▶ **TASK TO CARRY OUT**
Repeat the listing exactly. Pictures stay out of your copy.

═════ DATA SECTION ═════

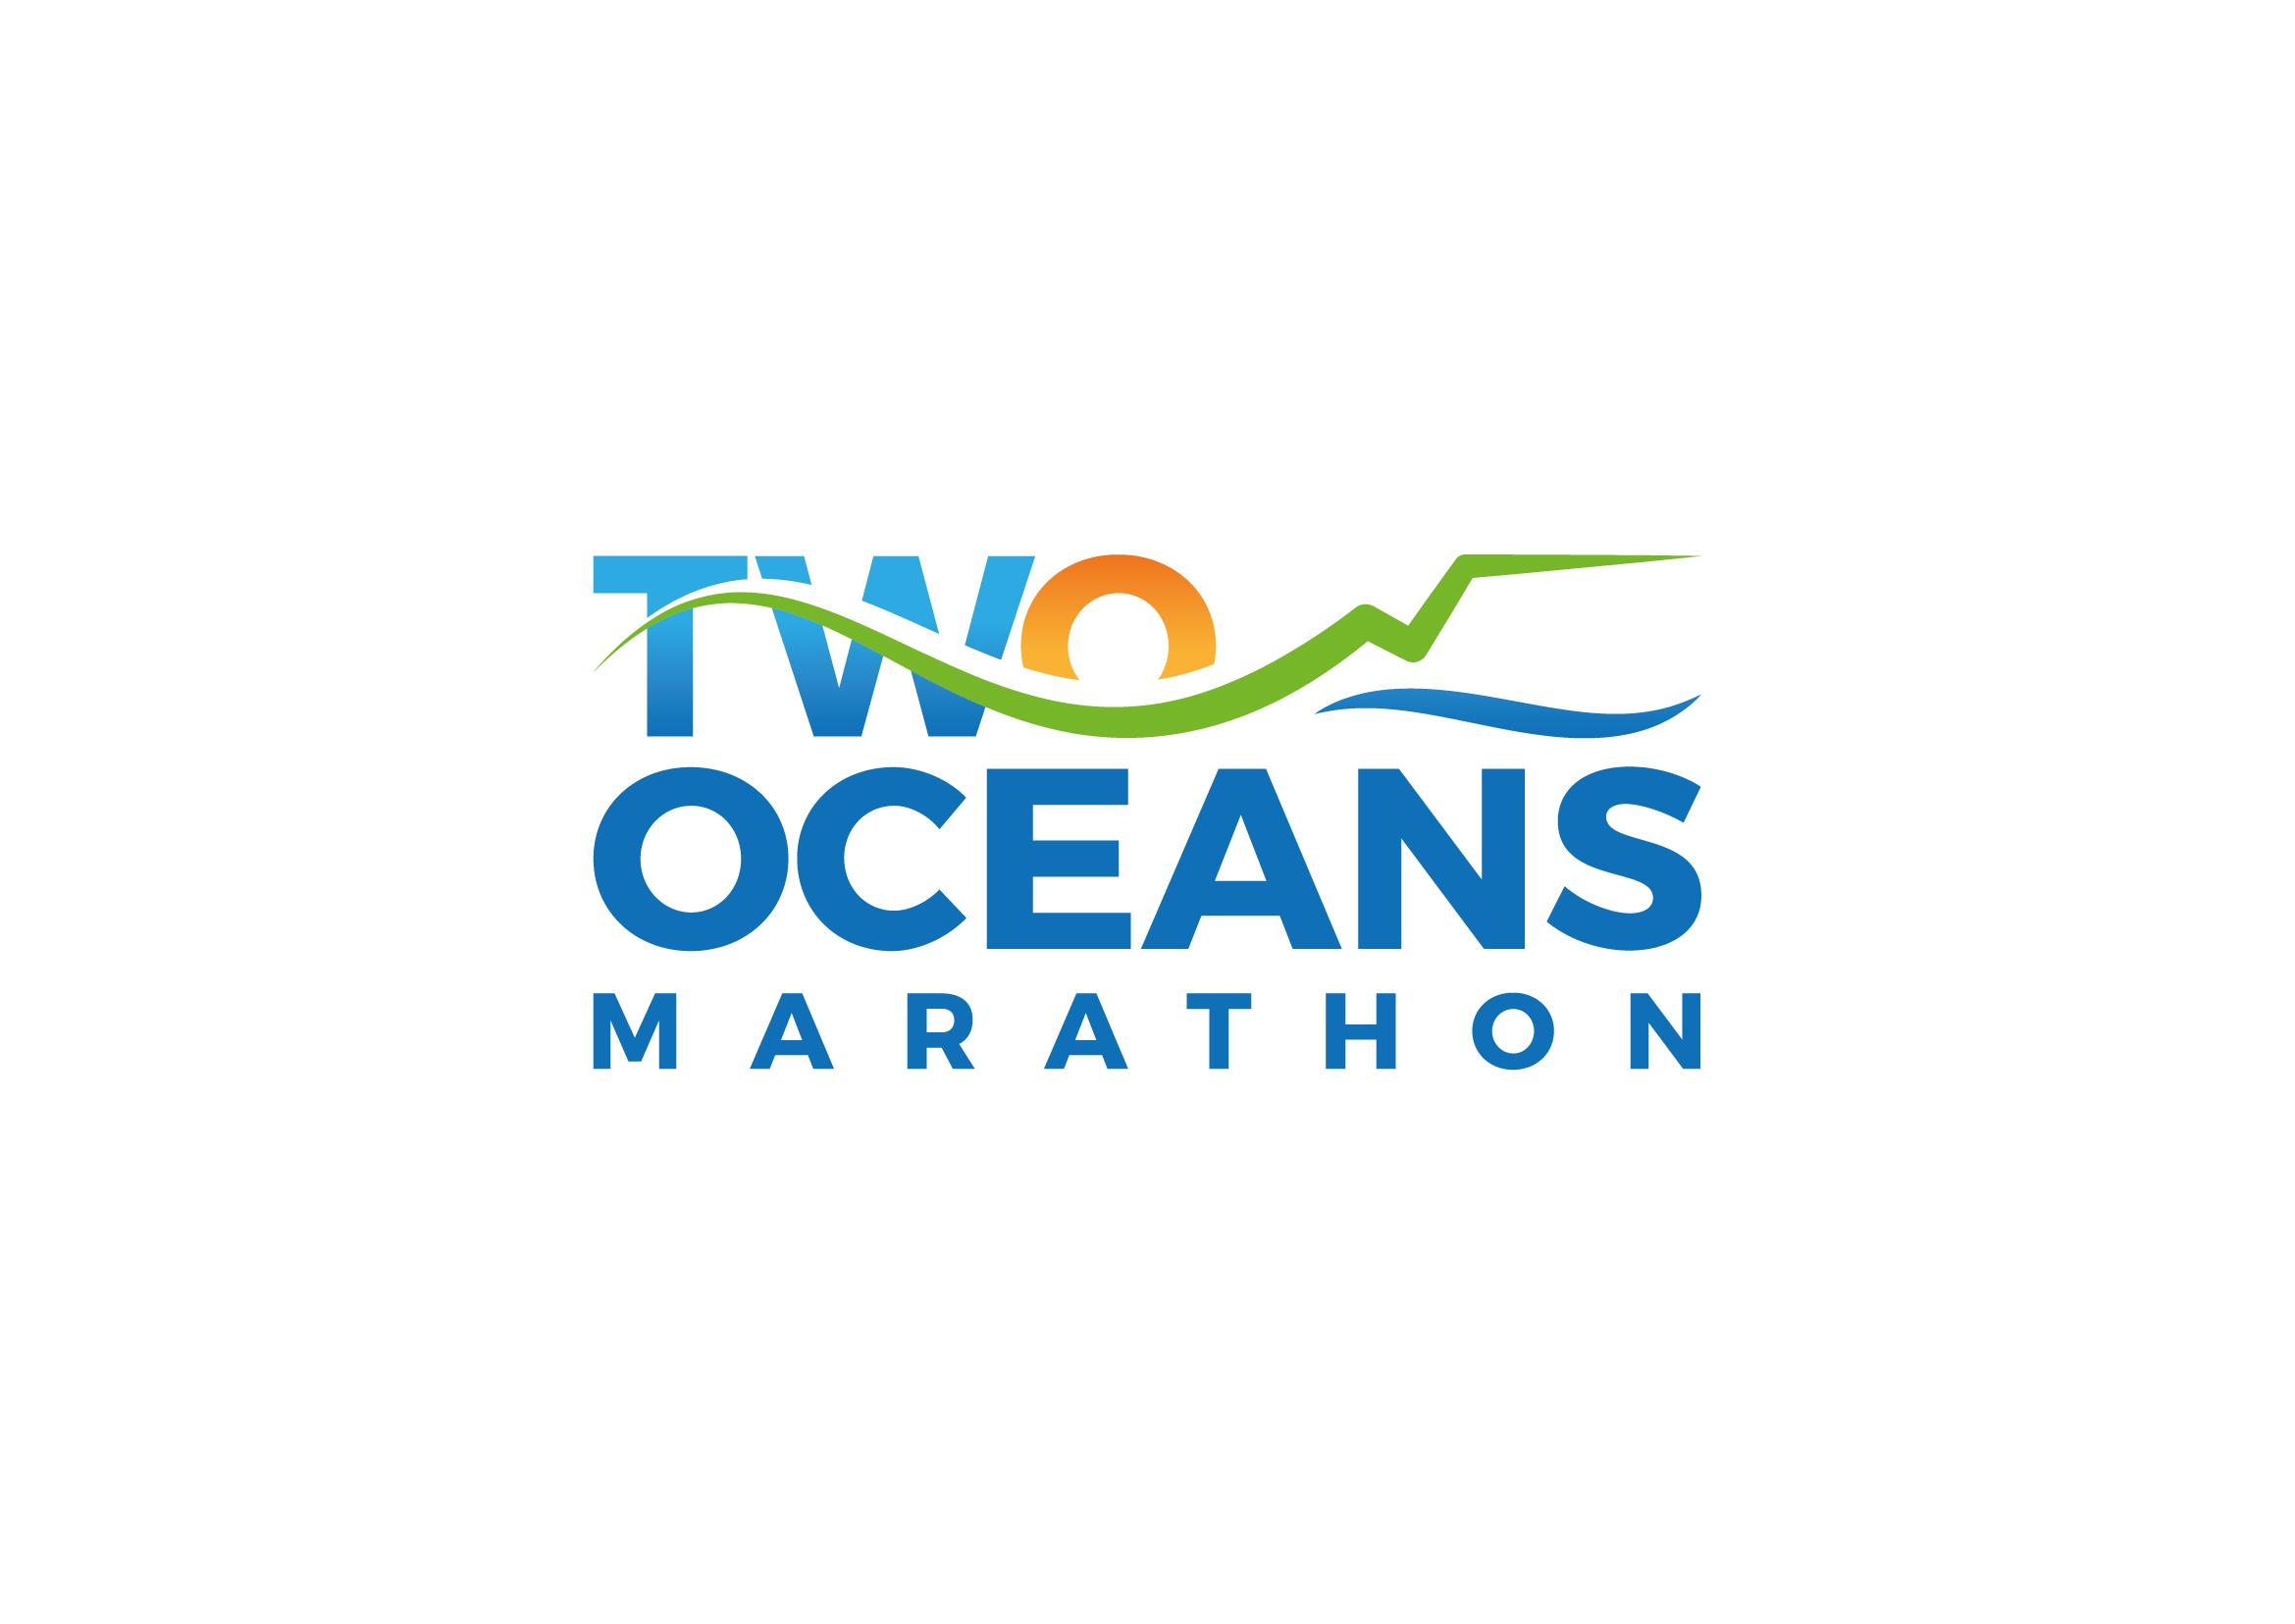 Two Oceans Marathon Announces New Board of Directors
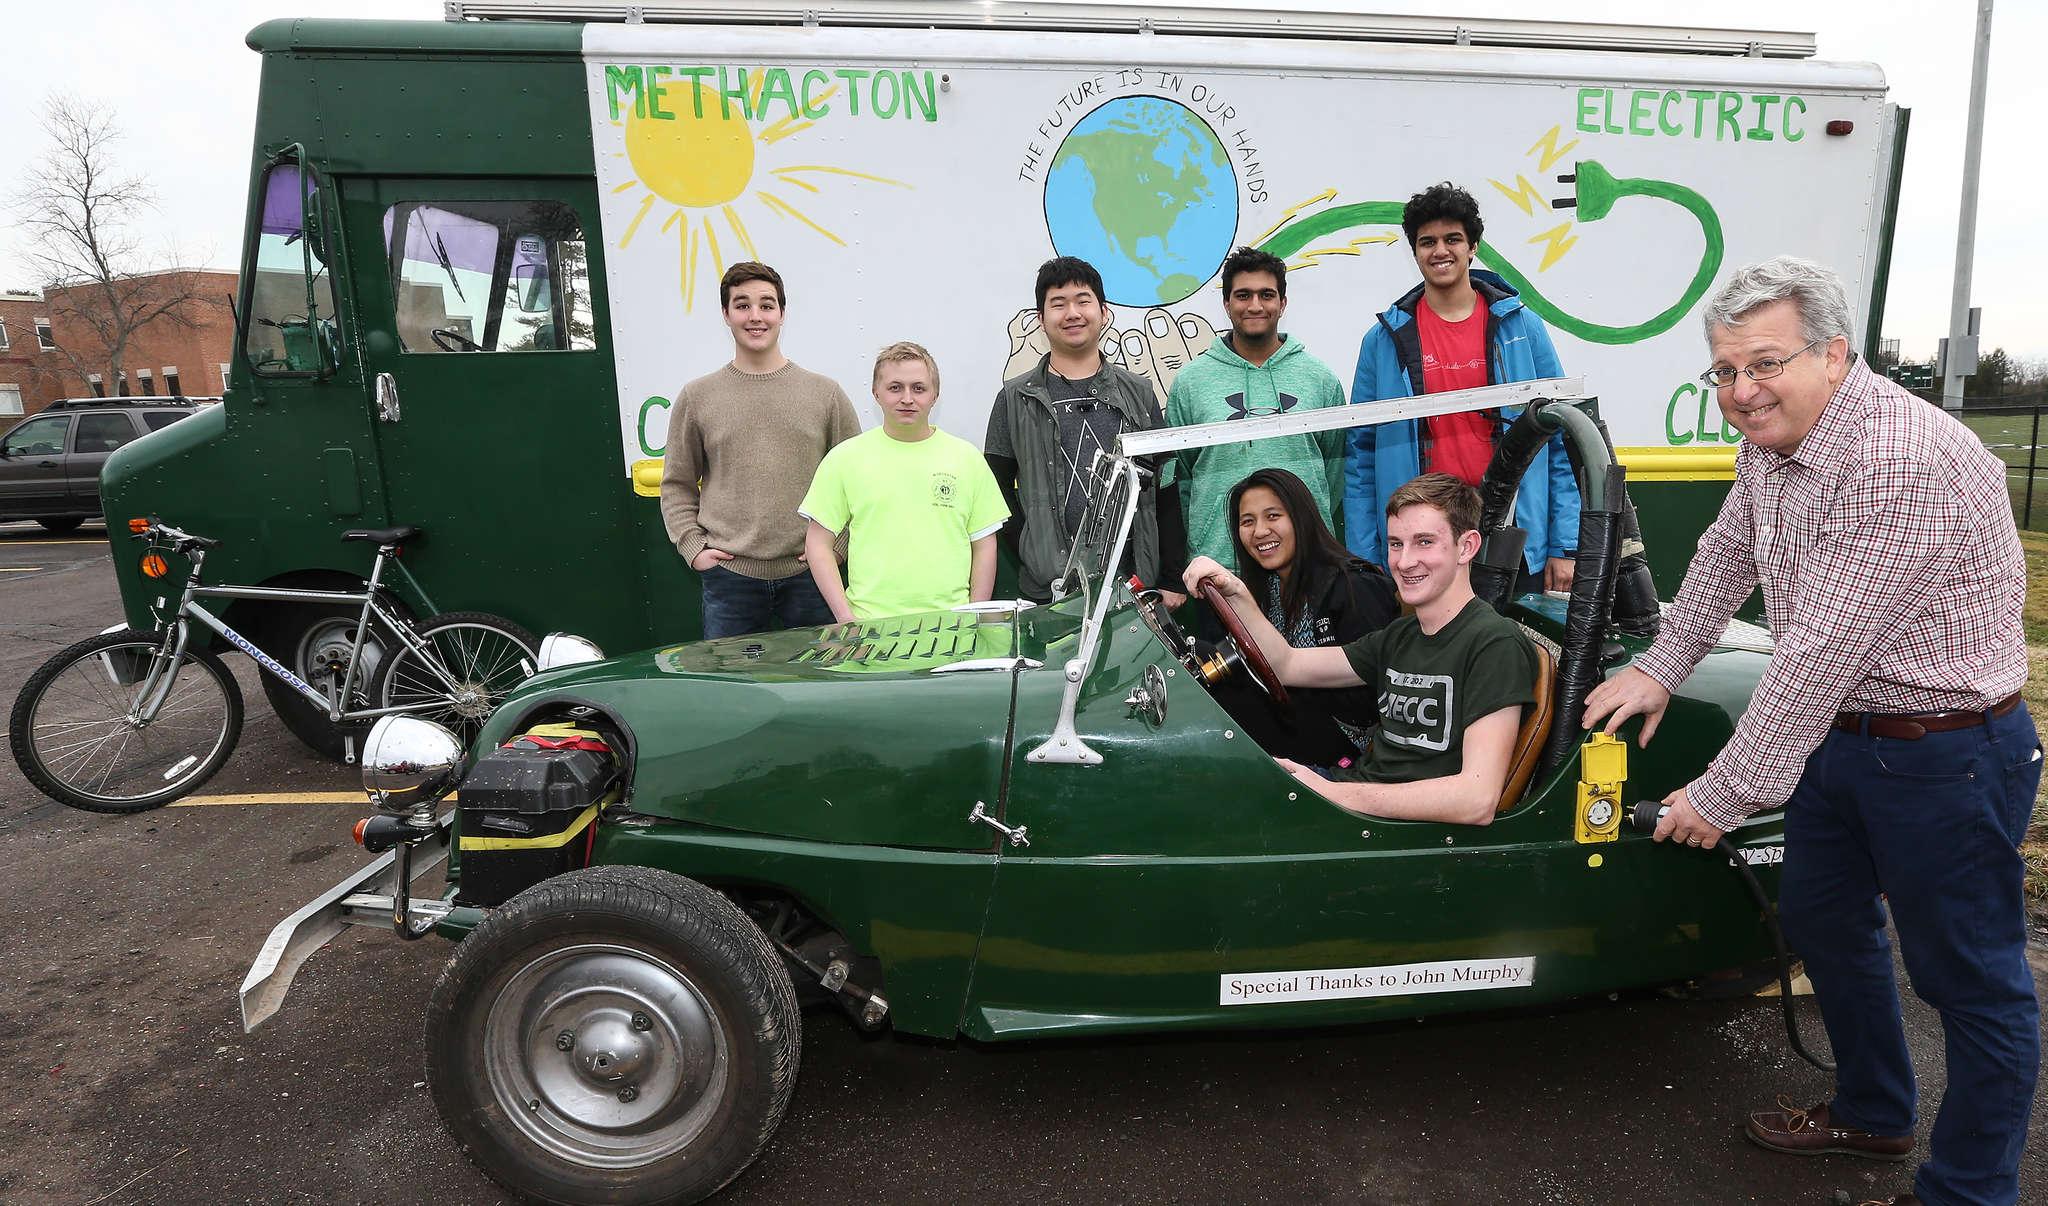 Sponsor Steve Savitz shows off the Lomax, with (in car) Amanda Amornwichet, Bryce Merrill, (from left) Jerrod Carney, Christian McIlhenny, Spencer Park, Satvik Kakkar, and Anuraag Nadkarni, at Methacton High School.
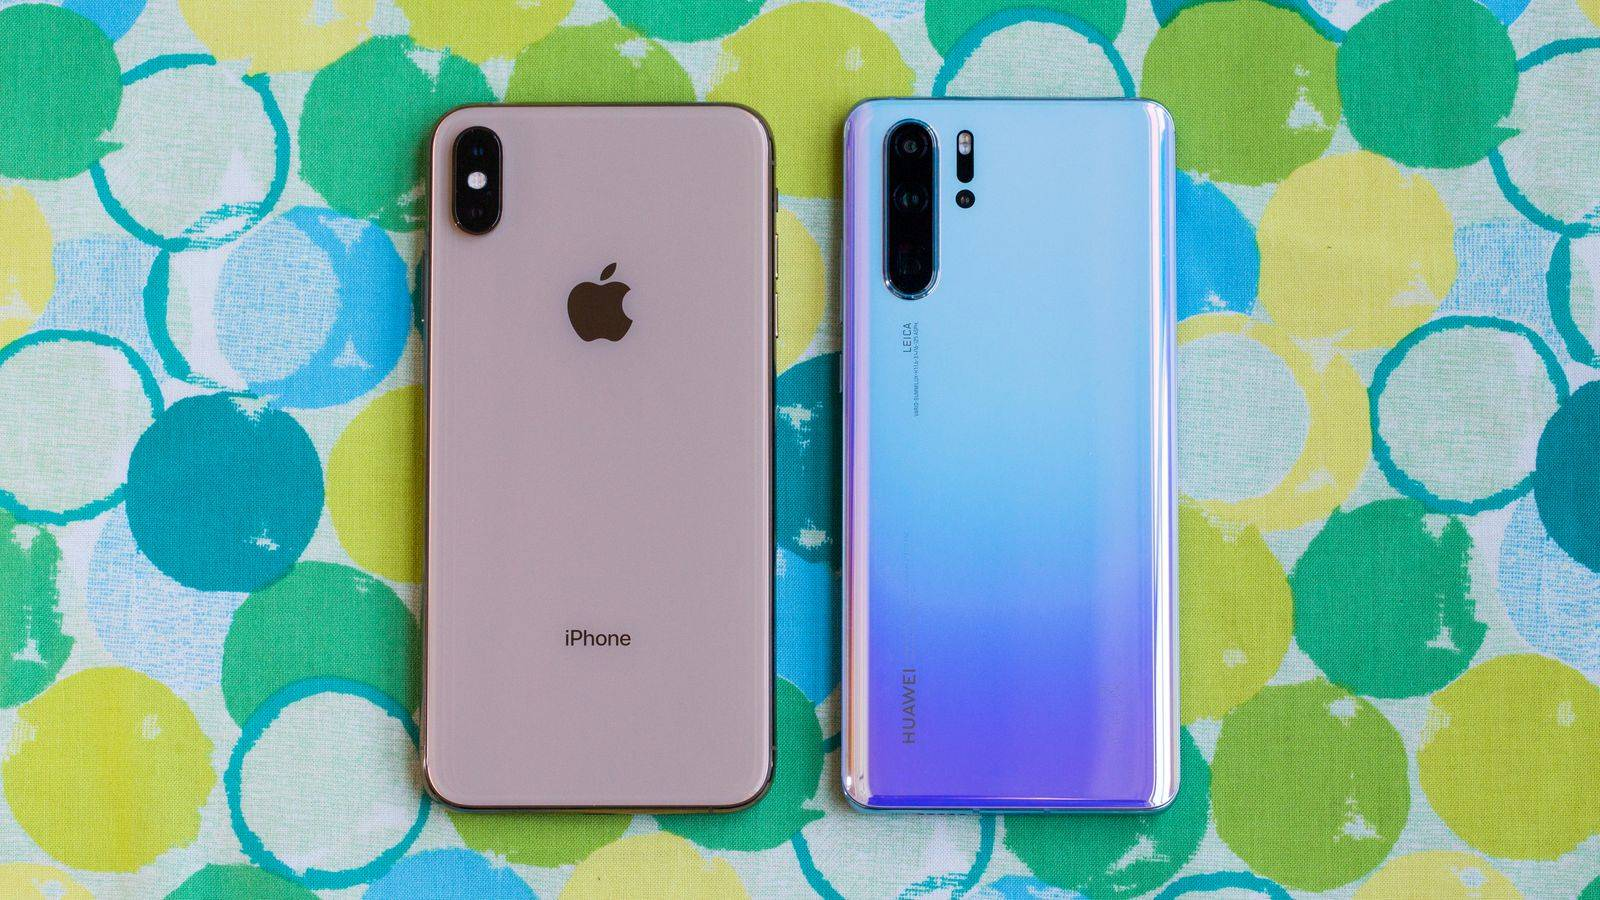 Apple Huawei fiabilitate telefoane europa

═════

▶ **ANSWER BOX**
 Two Oceans Marathon Announces New Board of Directors
 Sponsor Steve Savitz shows off the Lomax, with (in car) Amanda Amornwichet, Bryce Merrill, (from left) Jerrod Carney, Christian McIlhenny, Spencer Park, Satvik Kakkar, and Anuraag Nadkarni, at Methacton High School.
 Apple Huawei fiabilitate telefoane europa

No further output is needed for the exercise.